The first genetic codes of people with cancer or rare diseases, out of a have already been sequenced.
Medical experts believe it will lead to developing new drugs which are designed for the individual and could make aggressive therapies like chemotherapy “a thing of the past”.
They say that possessing a deep understanding of human DNA will soon play a role in every aspect of medicine from cancer to cardiology.
For example tumours are caused by mutations in DNA which lead to abnormal cells growing unchecked. Drugs will be able to be developed which may check these mutations.
Advances in genetics have shown that breast cancer is not one disease but at least ten – each with a different cause, life expectancy and needing a different type of treatment.
The four-year 100,000 genomes project, run by Genomics England, which was set up for the purpose, is aiming to make such breakthroughs on a large scale.
Pilots of the project have already been set up at medical centres across England – including sites in Newcastle, Cambridge and London.
The project has passed the 100 mark, with the aim of reaching 1,000 by the end of the year and 10,000 by the end of 2015.
Just one human genome contains more than three billion base pairs – the building blocks of DNA.
Once the mapping process is finished, scientists will be looking for subtle differences between genetic codes which lead to disease that researchers believe can fuel the next big breakthroughs.
The genome of a patient’s tumour will be scoured for differences with the genetic code of their healthy tissue.
People with rare diseases, usually children, will have their DNA compared with that of close relatives. It has been reported that at least fifteen thousand families with rare diseases will take part in the project.
Sir John Chisholm, executive chair of Genomics England, said: “In Britain we were the discoverers of the structure of DNA, we were huge players in the human genome project and now the time has come for the next major step forward.
“One hundred thousand sequences is a very large step; it’s a huge commitment.”
Genomics England will be based at the Wellcome Trust Sanger Institute in Cambridge, which is already a world-recognised centre of genetics research.
University scientists and a drug companies will be allowed to access the data for their research.
Prof Jeremy Farrar, director of the Wellcome Trust, said: “I can see a future where genetics is going to come into every bit of medicine from cardiology to oncology to infectious diseases.”
He said there were already targeted therapies for some breast, lung, bowel and blood cancers.
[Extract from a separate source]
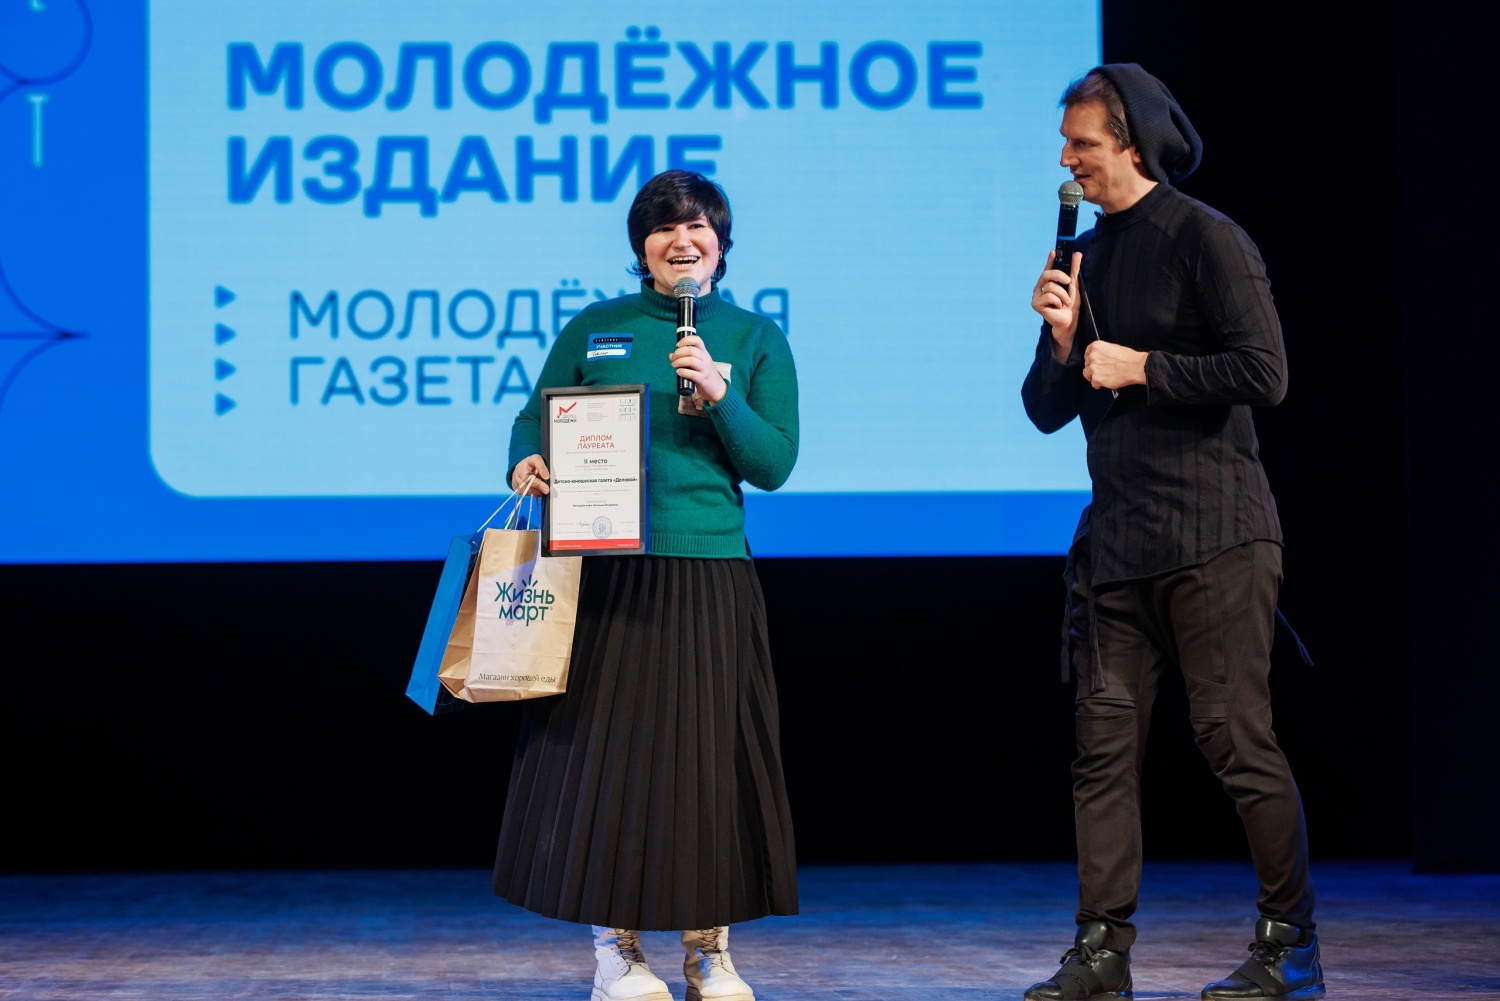 Пензенская газета «Деловой» стала призером на Всероссийском фестивале молодежной журналистики

“Twenty years from now there’s going to be a plethora of those, we will have a series of mutations which academics and industry will have developed therapies for, which will be targeted at you and specific for that cancer.”
He said chemotherapy, which attacks all dividing cells in the body, would be replaced with such therapies.
“We will look back in 20 years’ time and think of blockbuster chemotherapy [as] a thing of the past and we’ll think ‘Gosh, what an era that was’.”
Prime Minister David Cameron has said it “will see the UK lead the world in genetic research within years”.
David Cameron has announced a series of investments across government, industry and charities totalling £300m.
He said: “I am determined to do all I can to support the health and scientific sector to unlock the power of DNA, turning an important scientific breakthrough into something that will help deliver better tests, better drugs and above all better care for patients.
“I believe we will be able to transform how devastating diseases are diagnosed and treated in the NHS and across the world.”
NHS England chief executive Simon Stevens said: “The NHS is now set to become one of the world’s ‘go-to’ health services for the development of innovative genomic tests and patient treatments, building on our long track record as the nation that brought humanity antibiotics, vaccines, modern nursing, hip replacements, IVF, CT scanners, and breakthrough discoveries from the circulation of blood to the existence of DNA.”